Expanding Global Footprint
Medable can tap into emerging markets where a lack of infrastructure makes traditional clinical trials challenging, such as Africa. As of 2022, Africa hosts a relatively small proportion of global clinical trials, with 861 trials registered as opposed to the Western Pacific which registered 12.3K trials. The genetic diversity and unique disease prevalence across Africa's population could represent a significant but underutilized resource for advancing clinical research.

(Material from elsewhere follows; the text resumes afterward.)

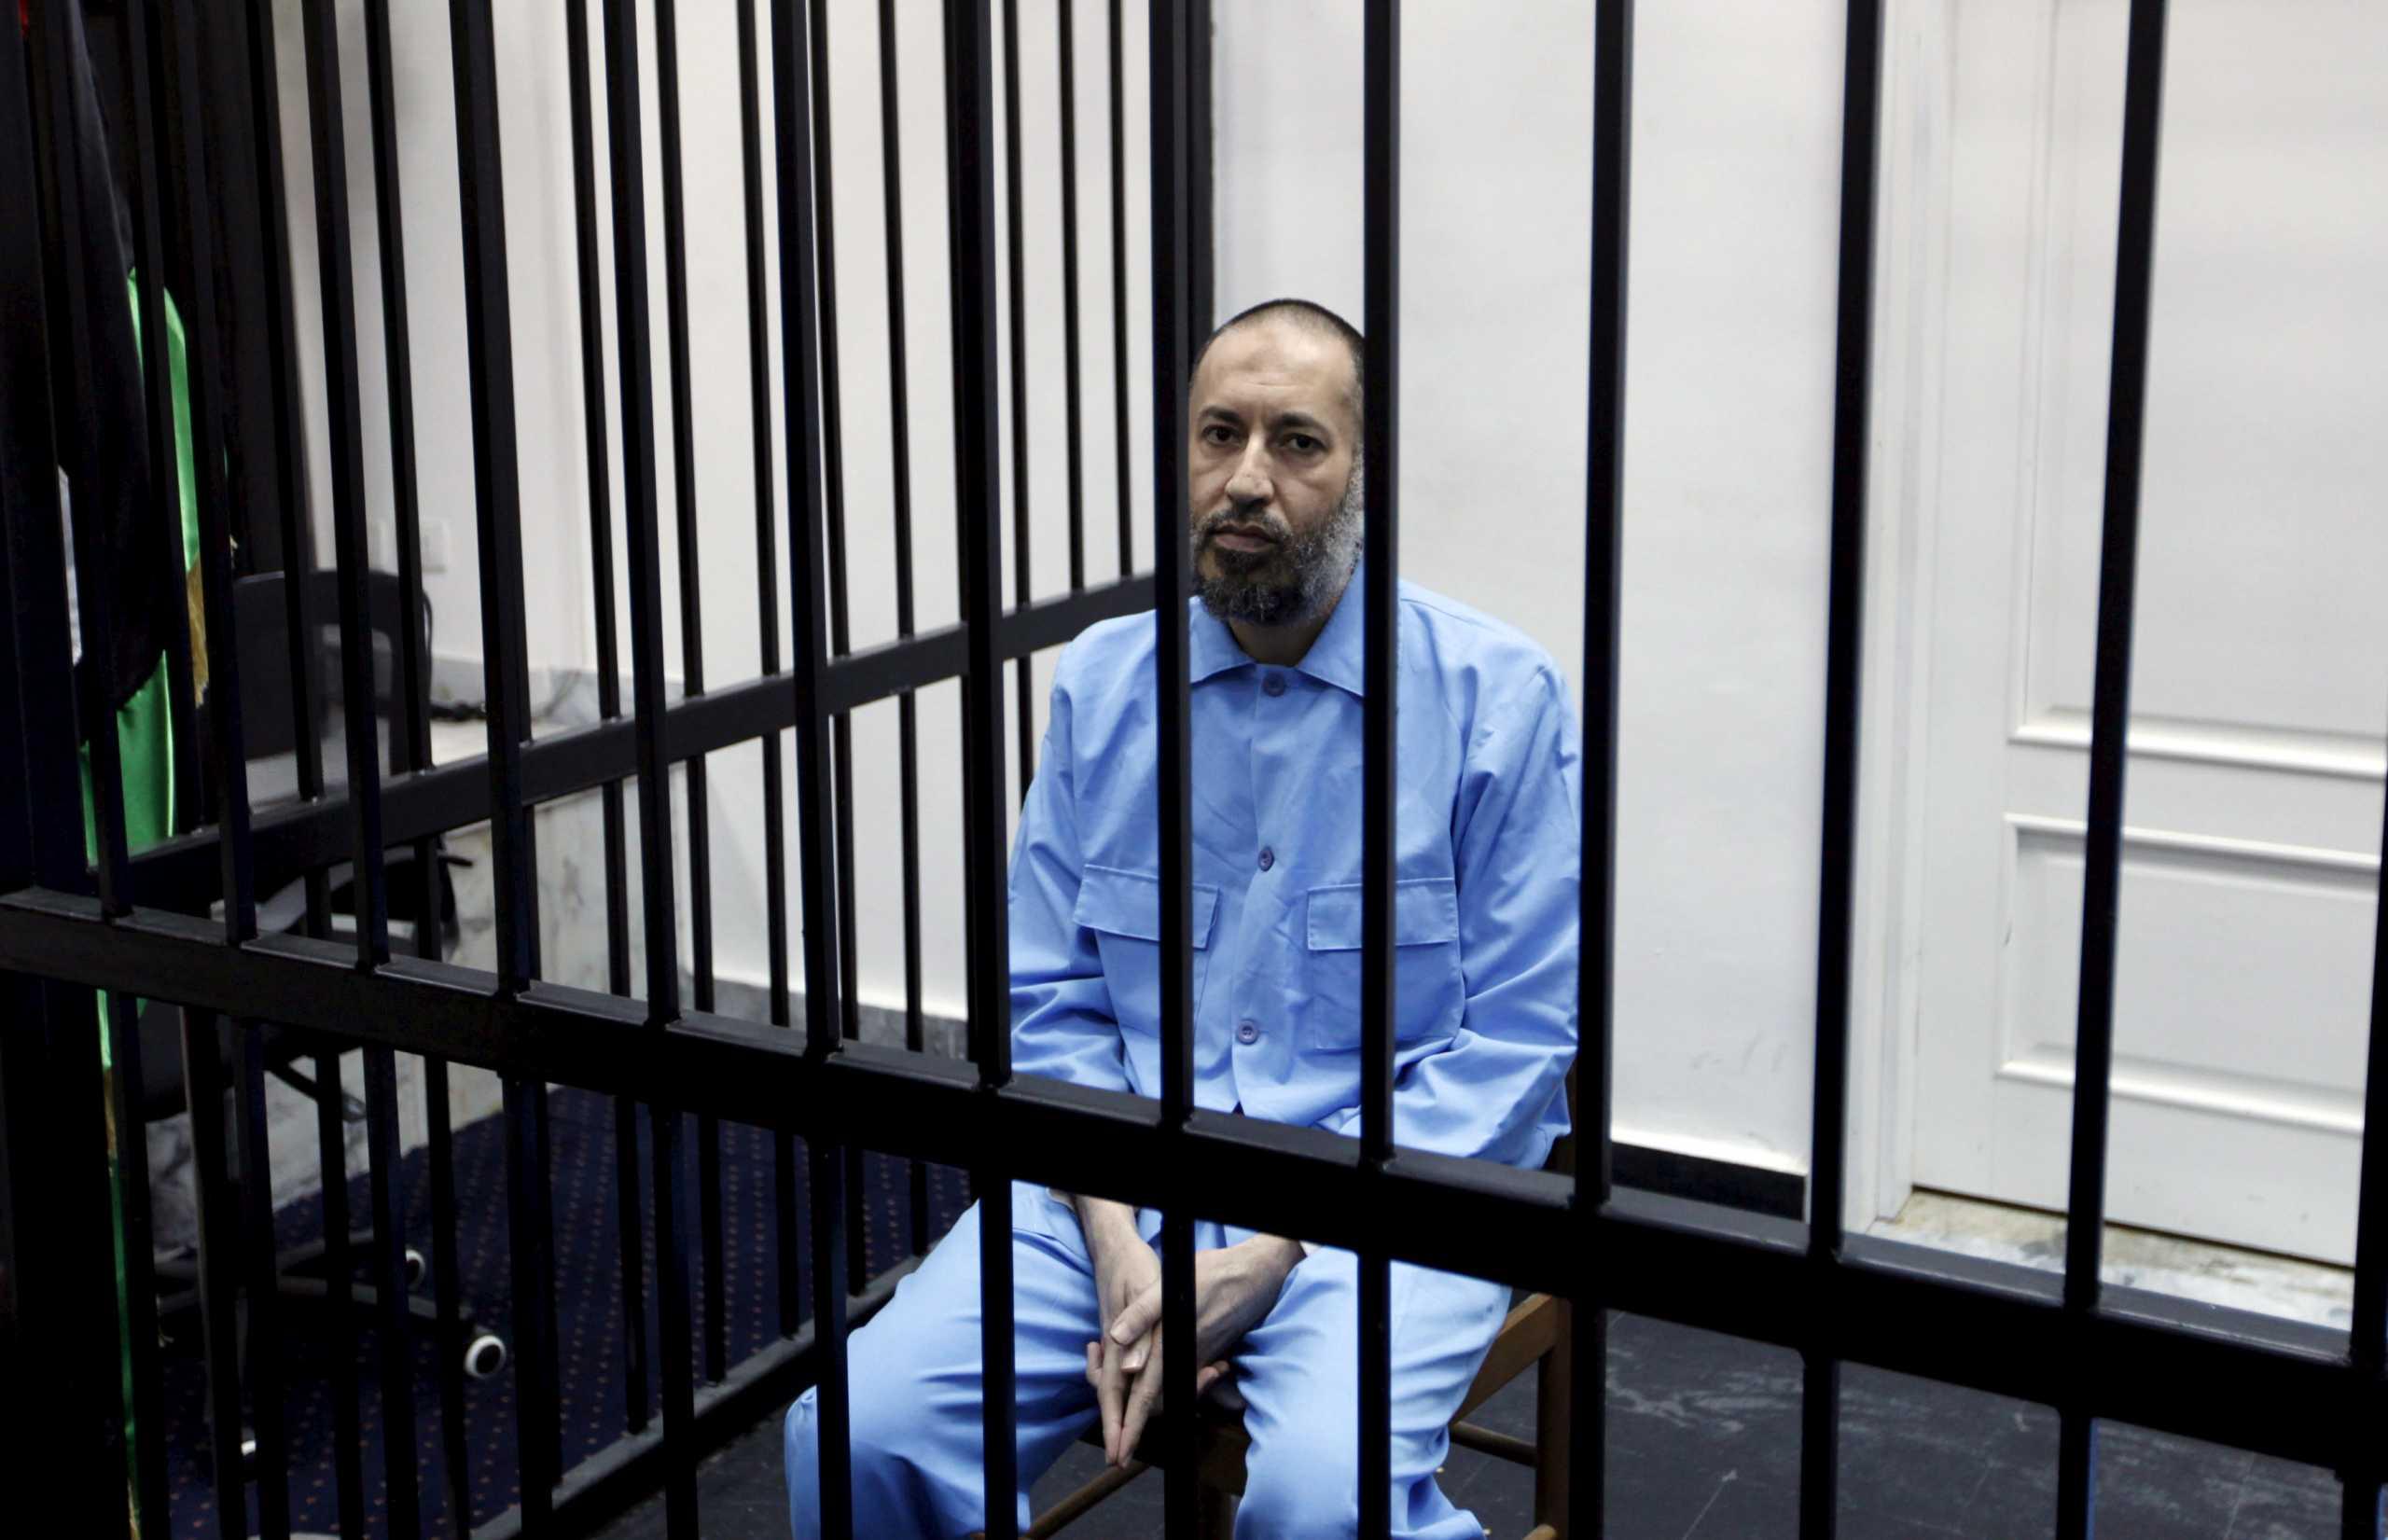 Αποφυλακίστηκε ο γιος του Μουαμάρ Καντάφι κι έφυγε για Τουρκία

Initiatives like the Cross Pharma Capacity Development Initiative, led by organizations such as the Science for Africa Foundation, aim to build clinical trial capacity through collaborations with global pharmaceutical companies and stakeholders. This creates a potential opportunity for Medable to leverage its DCT platform to expand research access in Africa, addressing enabling globally relevant data in clinical studies.
Key Risks
Lack of Principle Investigator Oversight
A DCT model often relies on contracting healthcare professionals (HCPs) near patients to perform home health visits, enhancing patient accessibility and trial participation. While this approach promotes patient-centricity, it also increases the complexity of trial oversight. Principal Investigators (PIs) are required to supervise multiple geographically dispersed HCPs, many of whom may not fall under Medable’s direct management. This distributed oversight structure could strain the PI’s ability to ensure adherence to protocols, potentially compromising study integrity and regulatory compliance, which are critical for trial success.
Digital Divide
DCTs are designed to increase access for underrepresented populations, such as rural residents and ethnic minorities, yet barriers remain. Social determinants of health, like socioeconomic status and digital access, can prevent these groups from effectively participating in DCTs. For example, ethnic minorities, older adults, lower-income households, and rural residents are often less likely to have reliable internet or broadband access, which is critical for virtual participation. This "digital divide" threatens a lack of representation for the very populations that DCTs aim to include. Without addressing these access disparities, DCTs could inadvertently reinforce existing health inequities, compromising the generalizability and inclusiveness of trial outcomes.
Summary
The inefficiencies around conducting clinical trials accelerated the adoption of DCTs, prompting organizations to add virtual components to their trial designs. Medable offers a comprehensive DCT platform with AI-driven solutions and a patient-centric mobile app for streamlined trial experiences. As DCTs become more prevalent, leveraging advanced technology and maintaining trial integrity could be crucial for Medable’s success. By incorporating accessible features, Medable has increased engagement among its global user base. However, despite DCT and global digital health tailwinds, Medable’s market position may be challenged by new competitors in an increasingly crowded market.